Carney’s tenure has been unorthodox from the start. He was appointed to the role in late 2012 after previously saying he wasn’t interested in the job, and initially said he would serve just five years of what is usually an eight-year term. Following Britain’s 2016 Brexit vote, he agreed to remain in place an additional year to the end of June 2019, to help steer the BOE until the government had completed negotiations.
The lawmaker committee, which oversees the work of both the Treasury and BOE, has never shied away from using its regular sessions to ask tough questions of Carney, sometimes leading to fiery exchanges.
Asked about controversy surrounding his previous extension by lawmakers in 2016, he justified his decision as being taken “out of a sense of responsibility.” He also said that he wished to limit how much longer he would stay due to it requiring him to be separated from his family in Canada.

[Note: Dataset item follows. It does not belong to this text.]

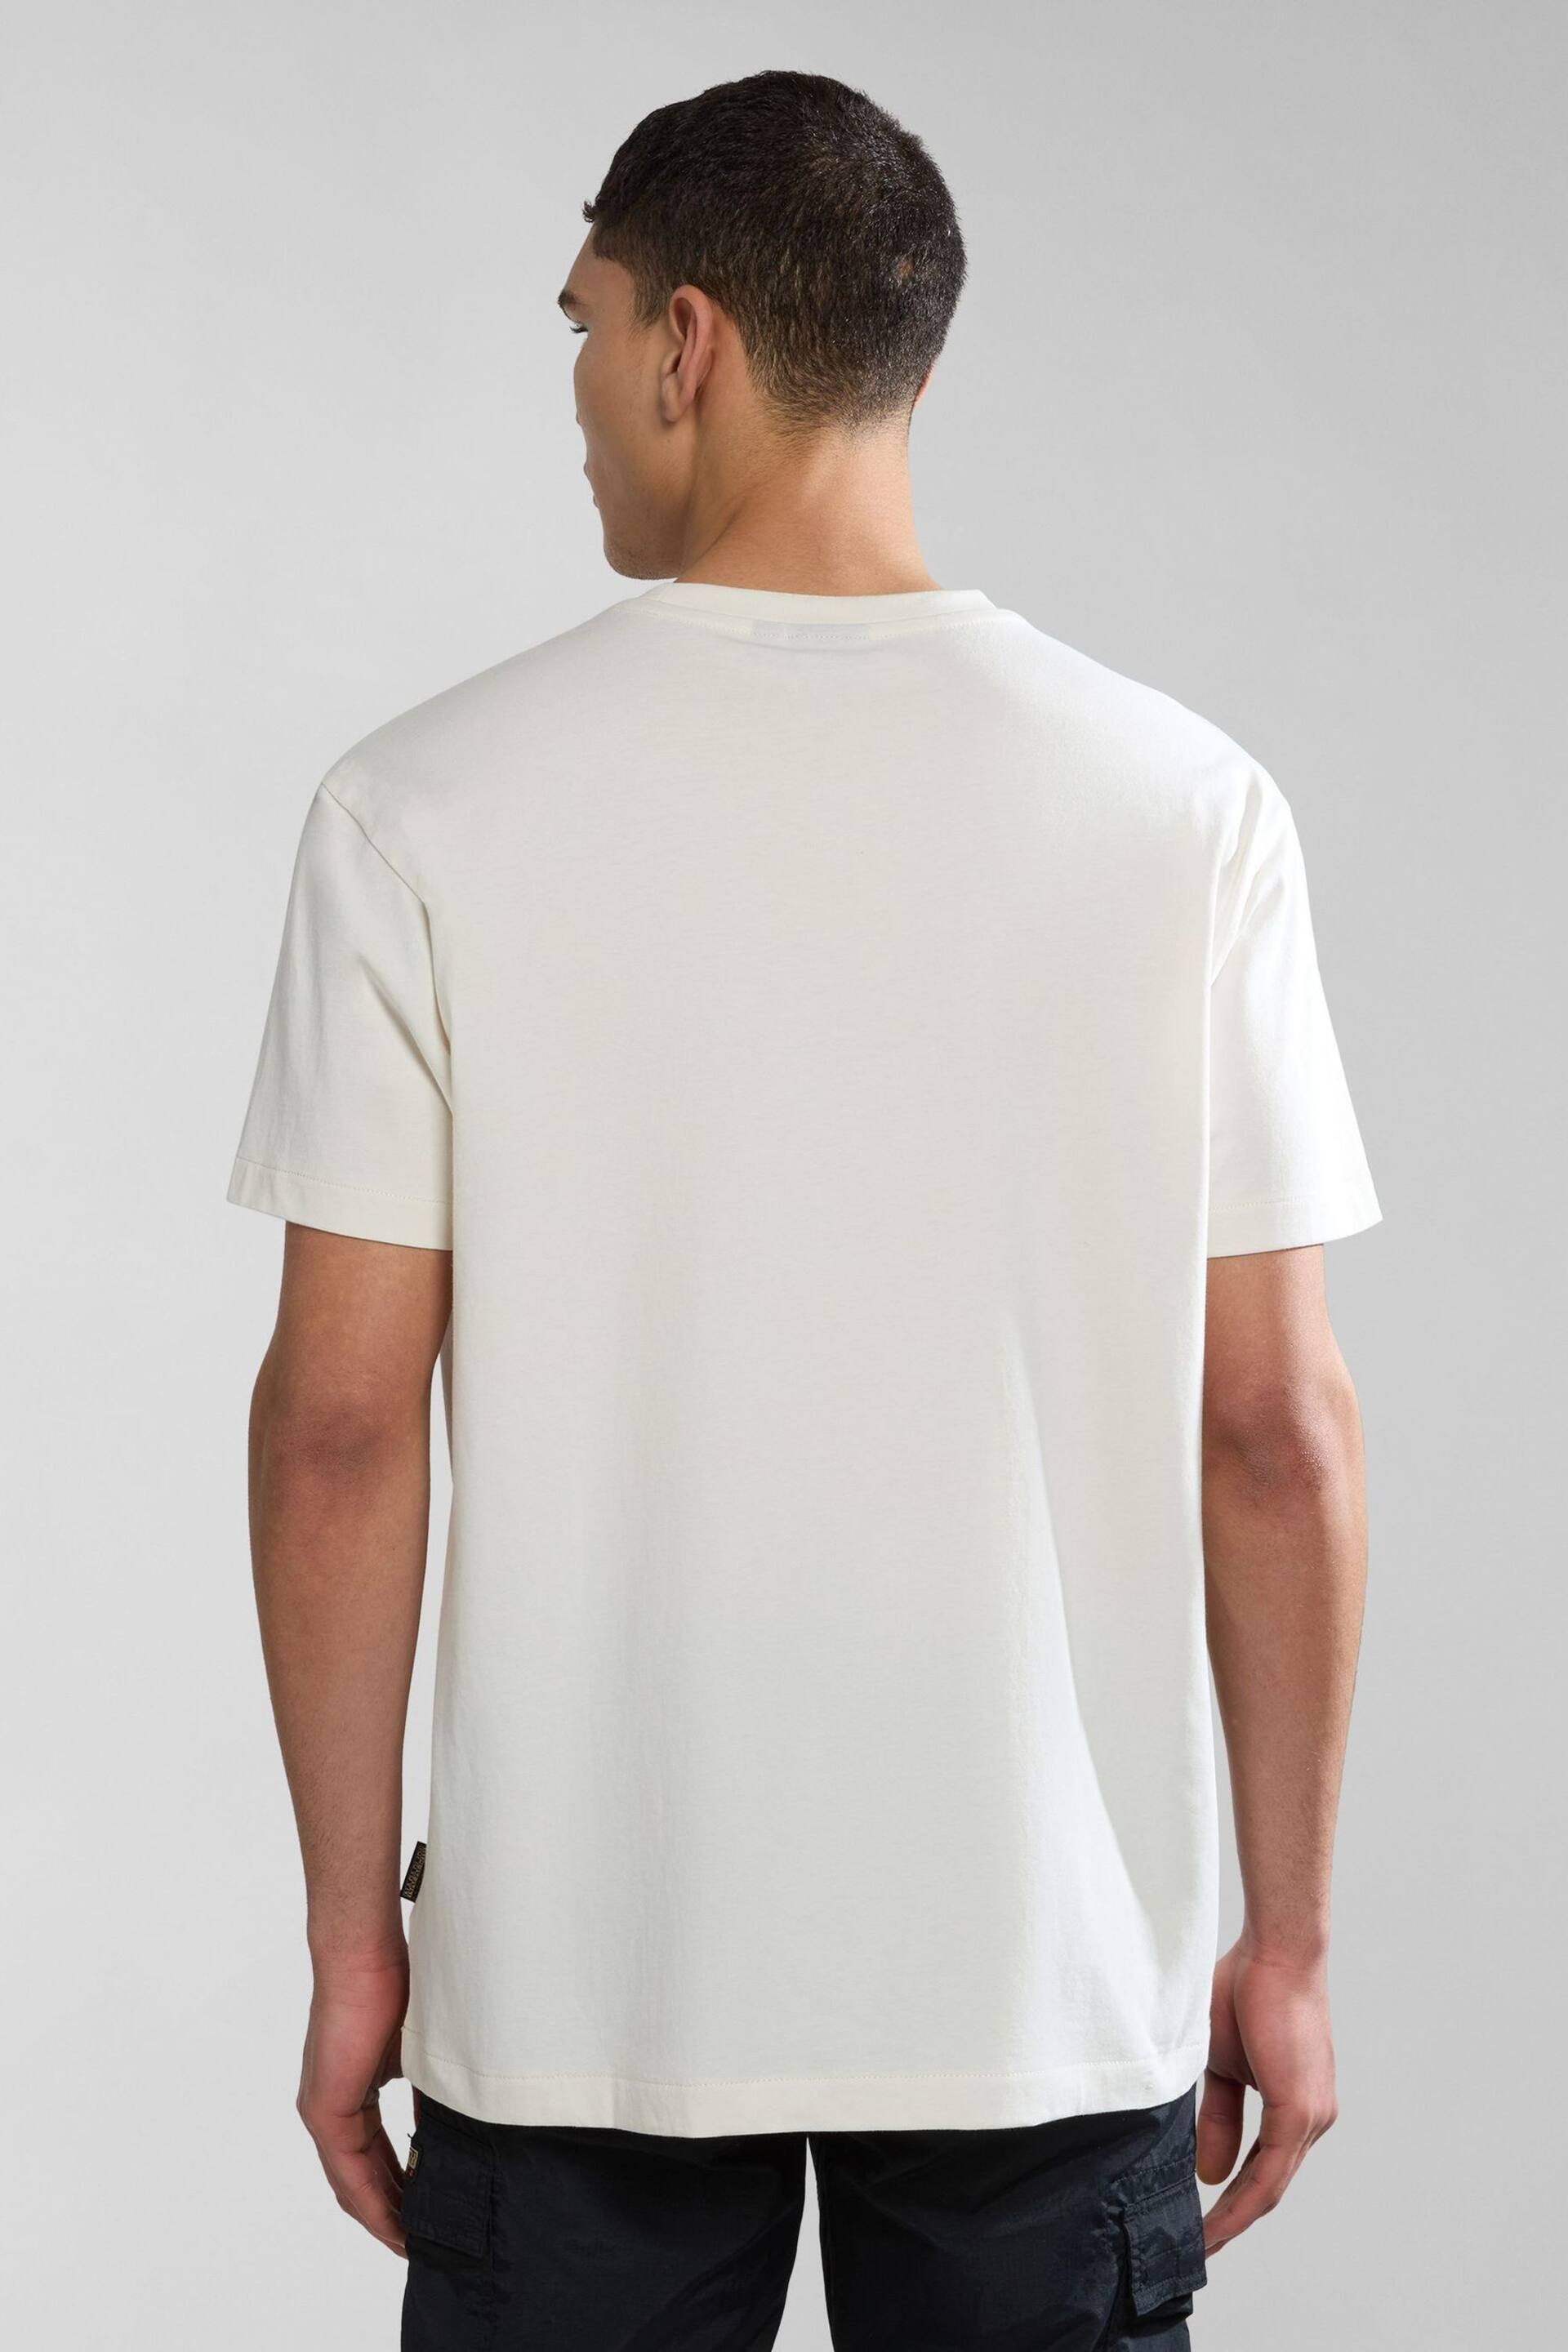 Napapijri Box Logo White Short Sleeve T-Shirt - Image 3 of 6

Former BOE policy maker Adam Posen, president at the Peterson Institute for International Economics, played down the need for any extension.
“Governor Carney is very distinguished. I understand it would be nice to have continuity, but any of the other reasonable candidates would be just as good,” he said in a Bloomberg Television interview. “Brexit presents a unique challenge for the U.K. economy and the bank. It’s better if it’s not about one individual negotiating their position, it’s about the bank or the committee’s position.”